桑田と、音楽プロモーター宮治淳一(62)は、茅ケ崎小学校と同市立第一中学校の9年間を共にした。
中学1年生の時、宮治はプロ野球の巨人軍で活躍していた長嶋茂雄に憧れ、野球チームに入団。そこに桑田がいた。「桑田はピッチャーだったけど、球が遅くてね。みんな遅い球を待てなくて、振っちゃうの」と愉快そうに振り返る。
同じクラスになった中学3年生の時、宮治が音楽好きだと知った桑田が「おまえ、ビートルズ好きなんだって。うちにレコードあるよ」と誘った。
五つ上の姉の影響で音楽に興味を持っていた宮治は「小遣いをためて月に1度、東京のレコード店を巡っていた。この身を音楽で焦がしたい。レコードの奴隷だった」というほど。一方の桑田は4歳上の姉が聴かせてくれたザ・ビートルズや、内山田洋とクール・ファイブなどの歌謡曲が子守唄代わりだった。

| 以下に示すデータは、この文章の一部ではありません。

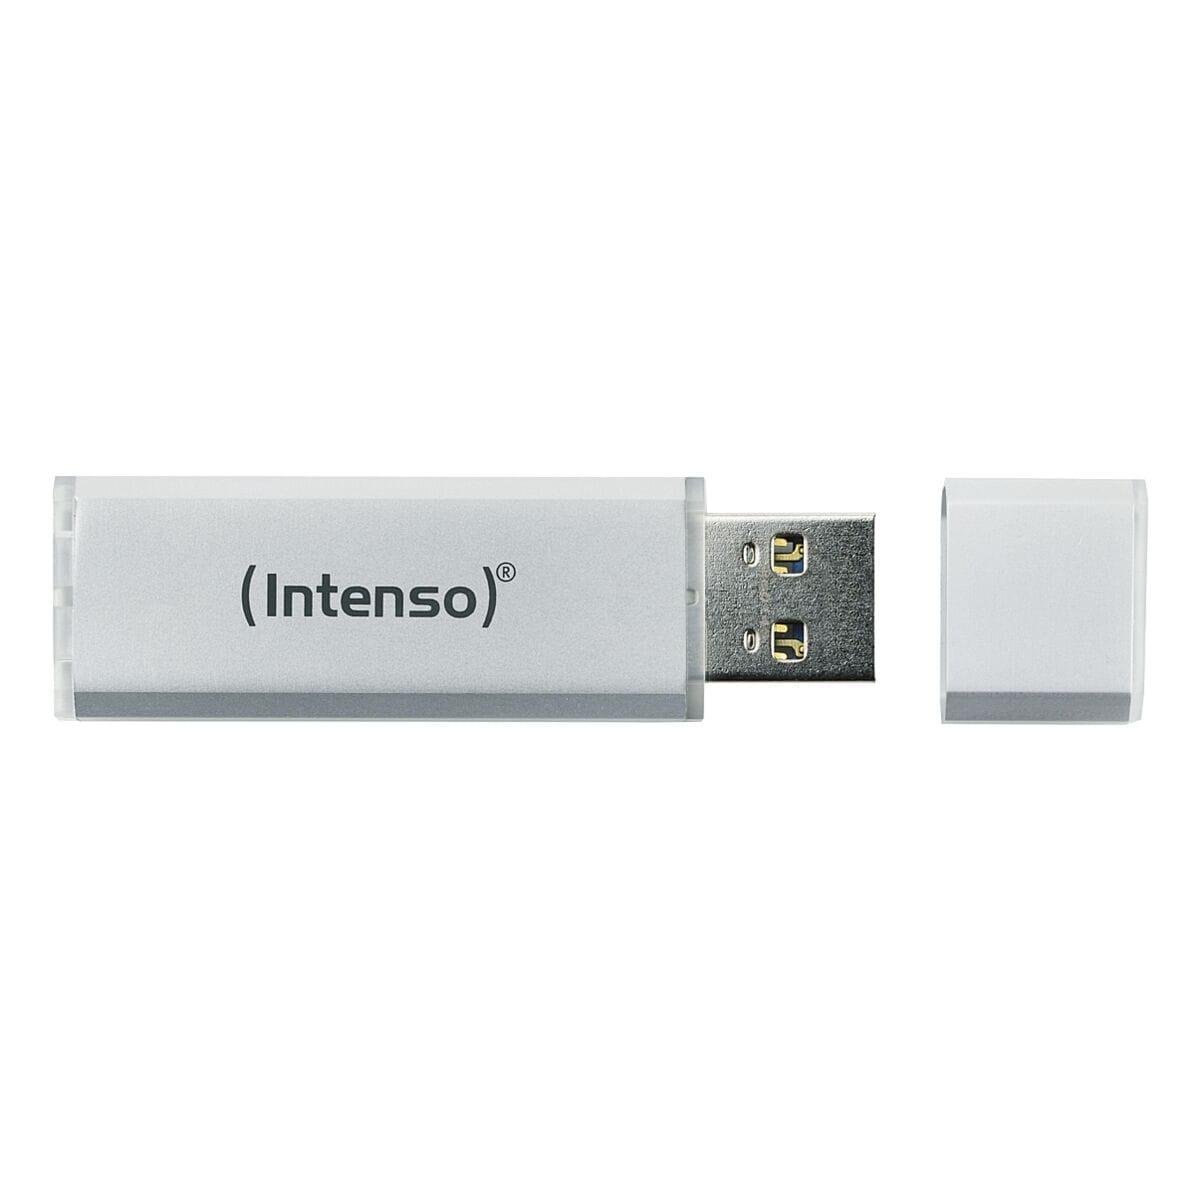 USB-Stick 64 GB Intenso UltraLine, USB 3.0

ビートルズのレコードは当時2枚しか持っていなかった宮治。桑田家には全てそろっていると聞き、「行く!」と即答。放課後は桑田の家に入り浸るようになった。
桑田は私立鎌倉学園高校、宮治は県立鎌倉高校に進学。思春期になり異性が気になり始めた桑田だったが、男子校に進んだことから女子生徒との交流がほとんどなく、悶々(もんもん)とした日々を過ごしていたという。
それぞれの青春を送っていた1973年9月。高校3年生の文化祭で、宮治が2日間にわたり、ロック・コンサートを企画した。
英リバプールにあるライブハウス「キャバーン・クラブ」で歌うビートルズの映像を頭に描き、廃棄物だったげた箱を教室に運ぶなどして、洞穴のような雰囲気を出そうと試みた。茅ケ崎周辺のバンドを参加させようと思った時、桑田の顔が頭に浮かんだ。
「バンドやっていたよね?」と宮治。
「鎌倉高校って共学だよね!」と鼻息を荒くした桑田。
本当はバンドなどやっていなかったが、町ですれ違う鎌高の女子生徒の制服が頭をよぎり、「そう。オレ、やってたバンド!」とうそをつき、出演が決定。
「女の子にもてたい!」と3回練習をしただけの即席バンドで、人生初の大舞台に臨んだ。
大トリを任された桑田たちだったが、ひとつ前の演者として茅ケ崎北陵高校の実力派が、矢沢永吉率いるキャロルの「レディー・セブンティーン」を軽快に歌い、観客を熱狂させていた。完全に萎縮。「負けるものか!」と向かったが、すでにメインは終わったと、教室はガラガラだった。
その差は歴然。しかし、そんな様子を物ともせず桑田は「69年の(カナダ)トロントライブで、ジョン・レノンがやったみたいに、即興でやろうぜ」と舞台に立った。
「マネー」などを歌う桑田に、宮治は「音楽はむちゃくちゃだけど、本物が現れた」と身震いがした。
小学6年生の時、「理由は分からないけれど、オレは音楽の道に進むな」と直感していたという宮治は、その姿を見て「オレは演奏ではなく聴くプロになろう」と決意した。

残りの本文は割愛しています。